[whatwg] Issues concerning the <base> element and xml:base

Ian Hickson wrote:
> On Tue, 1 May 2007, Jonas Sicking wrote:
>>> The latter is the option I'm following for now. Note that browsers all 
>>> do _different_ things for target="" than for href="". The spec has 
>>> made them act the same for now. I'm not sure this is workable, we'll 
>>> have to see when the browser vendors try to get this interoperable. I 
>>> can't imagine that it's a huge issue given that the browsers are so 
>>> far from each other in terms of what they do here. I'm going to do a 
>>> study of some subset of the Web to see how common this is (at least 
>>> the static case; I can't really do much about the scripted case).
>> I don't think this is a good solution actually. In general, I think it's 
>> good to always make the DOM reflect the behavior of the document. I.e. 
>> it shouldn't matter how you arrived to a specific DOM, be it through 
>> parsing of an incoming HTML stream, or by using DOM-Core calls. Whenever 
>> we make an exception for that rule I think we need to have a good reason 
>> for it.
> I think you misread what I wrote. Right now, there's no magic involved 
> here.

When you said "the latter is the option I'm following for now" I thought 
you referred to "and Firefox and IE7/Win don't change any links". Is 
that not the case?

Looking at the spec it doesn't mention anything special regarding DOM 
mutations at all, so that would indeed make me think that links are 
changed if a <base> element is inserted at the top of the <head> using 
the DOM.

>> What I suggest is that we make the first or last <base> element in the 
>> <head> be the one that sets both the base target and the base href for 
>> the document (modulo all special handling needed when <base>s appear in 
>> the body, described below). While this is not what IE or Firefox does 
>> today, I doubt that it'll break enough pages to stray from the 
>> act-like-the-DOM-looks principal.
> Right now the href="" is from the first and the target="" is from the 
> last, but other than that that's what the spec says.

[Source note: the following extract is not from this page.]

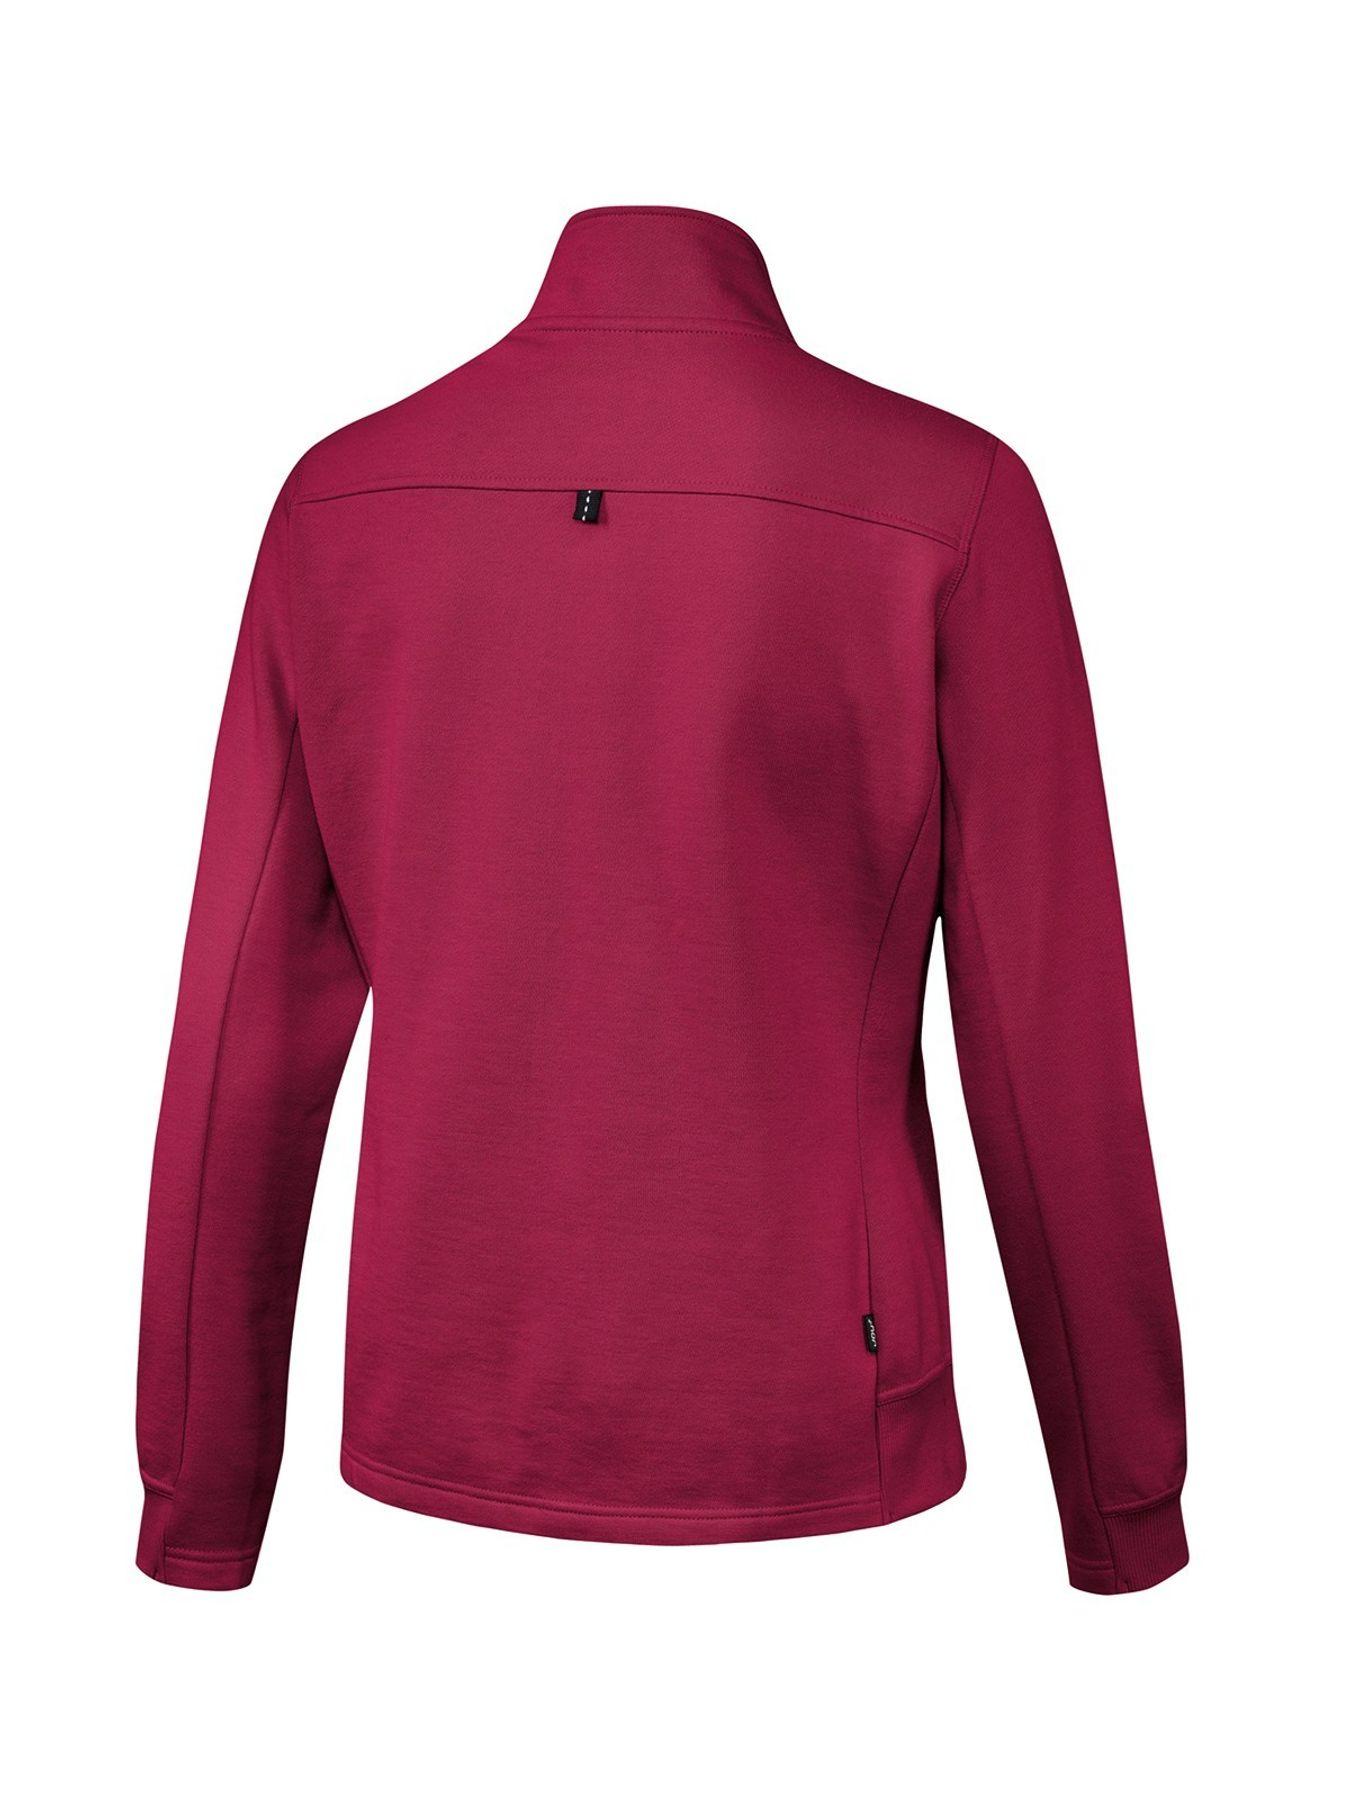 Joy - Damen Sport und Freizeit Jacke in mehreren Farben, Paulina (34500) – Bild 18

Why is the fact that the last target is the one used only defined in a 
Note? Or am I missing it somewhere else?

Also, if we're going to be inconsistent in how current browsers and web 
pages handle multiple <base>s, why not simply use the first <base> for 
both href="" and target=""?

>> One thing we unfortunately will have to deal with is <base> elements 
>> appearing in the middle of the body of the document. What mozilla had to 
>> do was once we find a <base> element in the body of the document, we 
>> tell the parser to remember the resolved href and/or target of that 
>> <base> element. We then for any element that uses base uris (full list 
>> at [1]) set an internal member in the element that hardcodes the 
>> elements base uri and/or base target.
>> For elements that don't get this property set on them base href and 
>> target resolution works as normal. For elements that has this set base 
>> href and target resolution only uses the set properties.
>> Note that you only set the saved href and target in the parser if the 
>> attribute is set in the <base> element. So if a document contains <base 
>> target="foo"> in the middle of the body that does not set a saved href 
>> in the parser.
> This is deep magic, as far as the DOM goes. It also makes it hard to debug 
> -- e.g. dynamically modifiying <base> elements, moving them, etc, has no 
> effect anymore.

Yup, I agree that this is deep magic as far as a DOM user goes.

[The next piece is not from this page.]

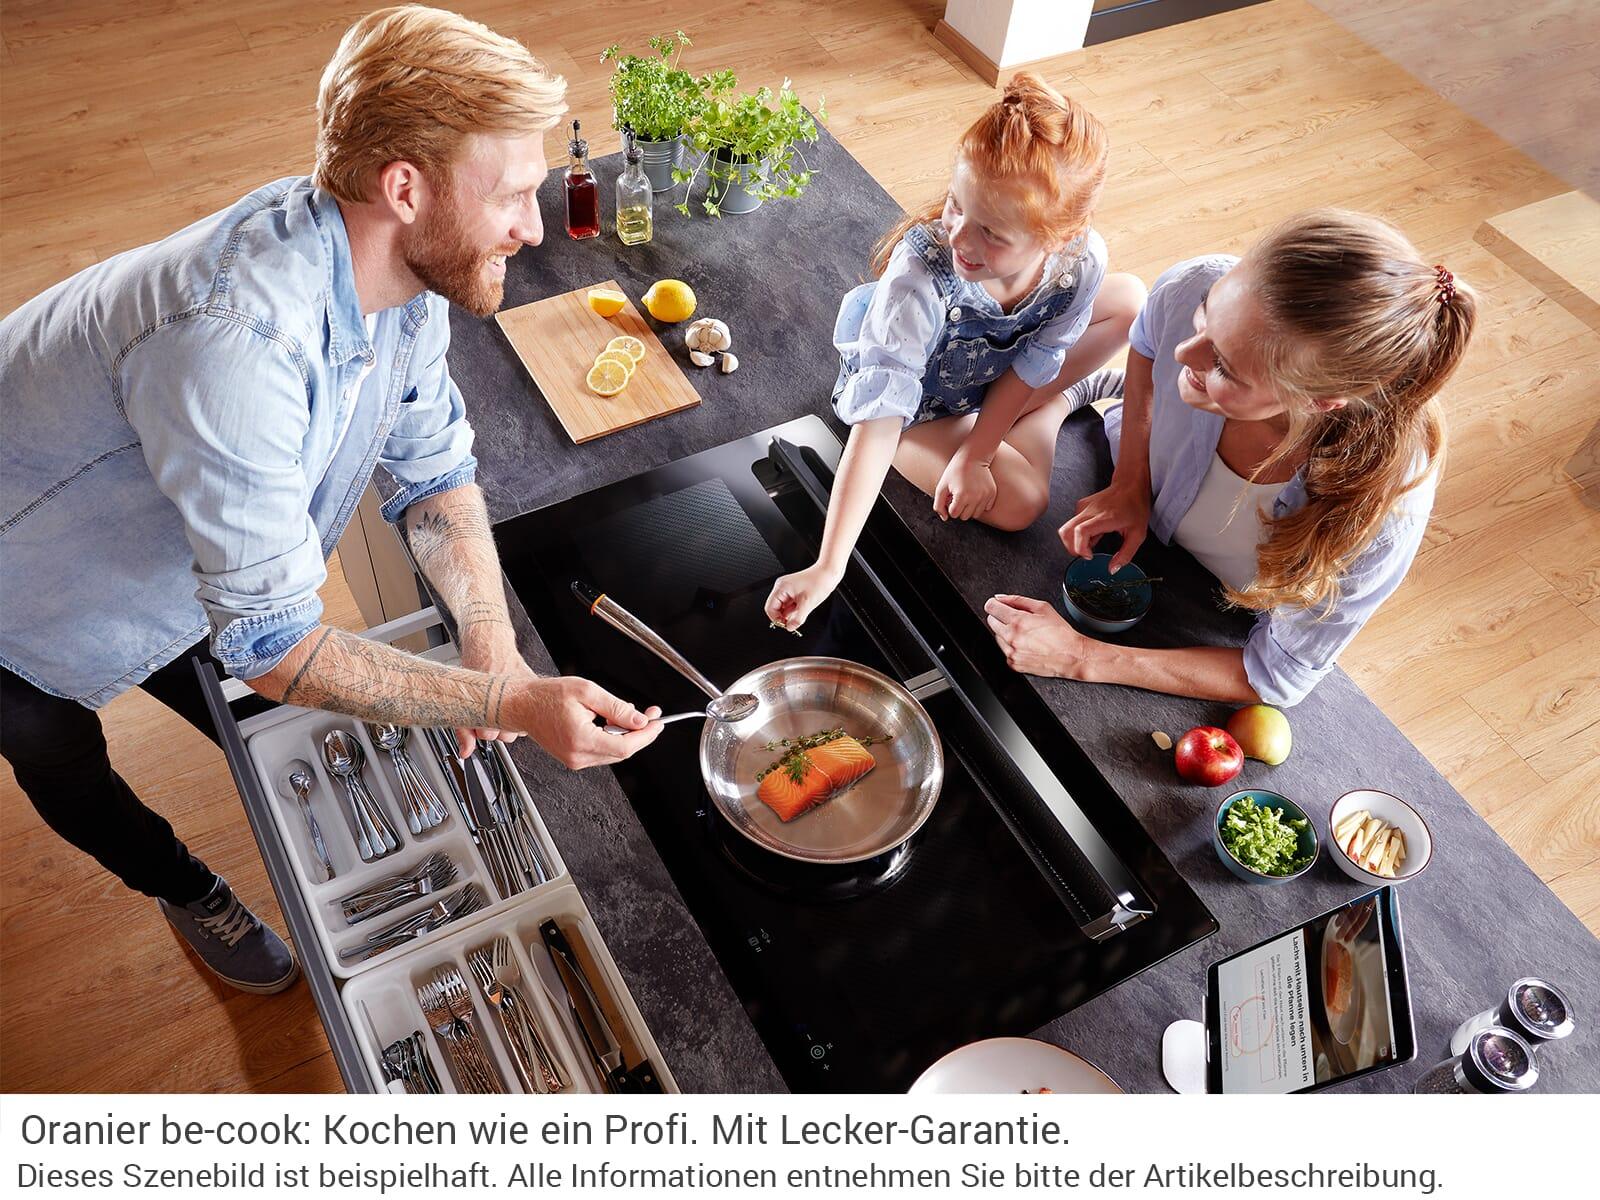 Oranier KFL 2094 be-cook - 2094 76 Induktionskochfeld-Dunstabzug-Kombination Umluft

> HOWEVER, having said that, this is a tiny minority of pages. According to 
> a study I did of over 100,000,000 pages, 0.036% of pages have more than 
> one <base href=""> element (ignoring those that specify the same href="" 
> value more than once).
> With <base href="">, you can get 404s, but in practice IE7 is already 
> doing that, and it doesn't seem to have affected adoption. Anecdotely, 
> most of these pages use absolute URIs, which might explain it.

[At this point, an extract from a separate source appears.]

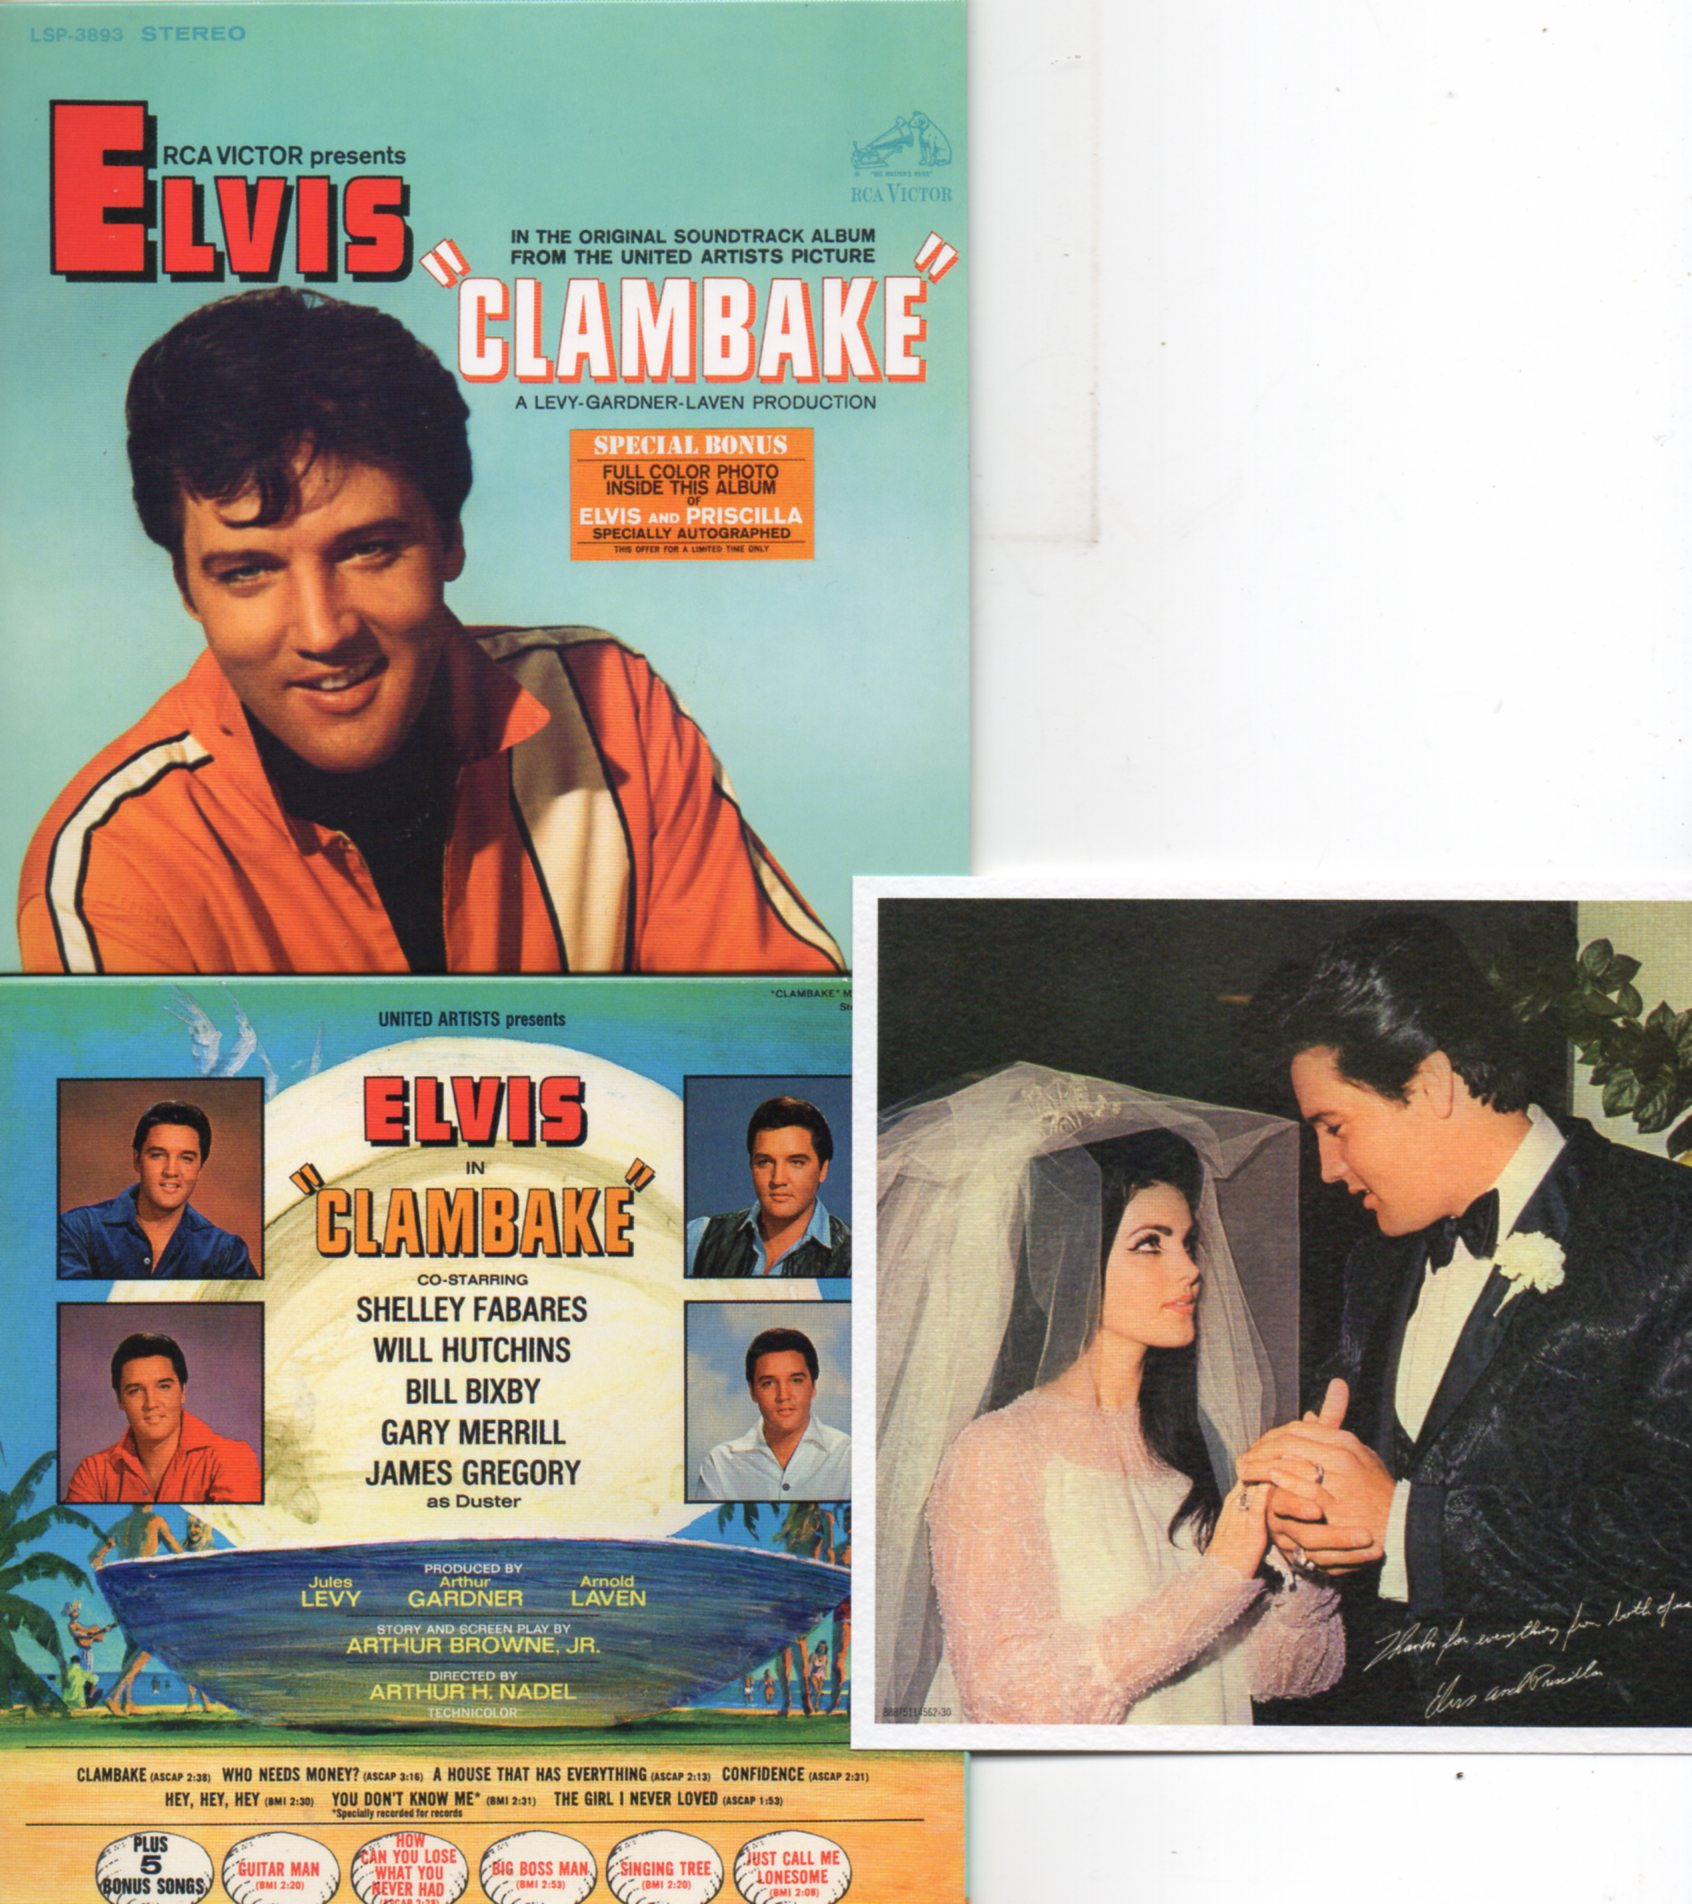 Elvis PRESLEY - Clambake (1967 - Mini Lp Replica - 13-track Card Sleeve Including Card)

It's much easier for IE to get away with breaking pages, mostly because 
many people use IE as the yard-stick.

> 0.06% of pages have more than one <base target=""> element (again ignoring 
> duplicates). With <base target="">, the worst that can happen from the 
> user's point of view is that links will open in a new page instead of on 
> the same page, and in practice even that's not likely, since (anecdotely) 
> most pages with <base target=""> simply alternate between different names.
> What do you think?

I would be hesitant to drop support for multiple <base>s in firefox 
actually. Implementation wise it was very easy to implement, and it is 
known that many pages out there break, though the percentage is small, 
there are a lot of pages on the internet.

It might be something we could restrict to quirks mode pages though, 
that's not a bad idea at all.

/ Jonas

Received on Wednesday, 30 May 2007 16:44:57 UTC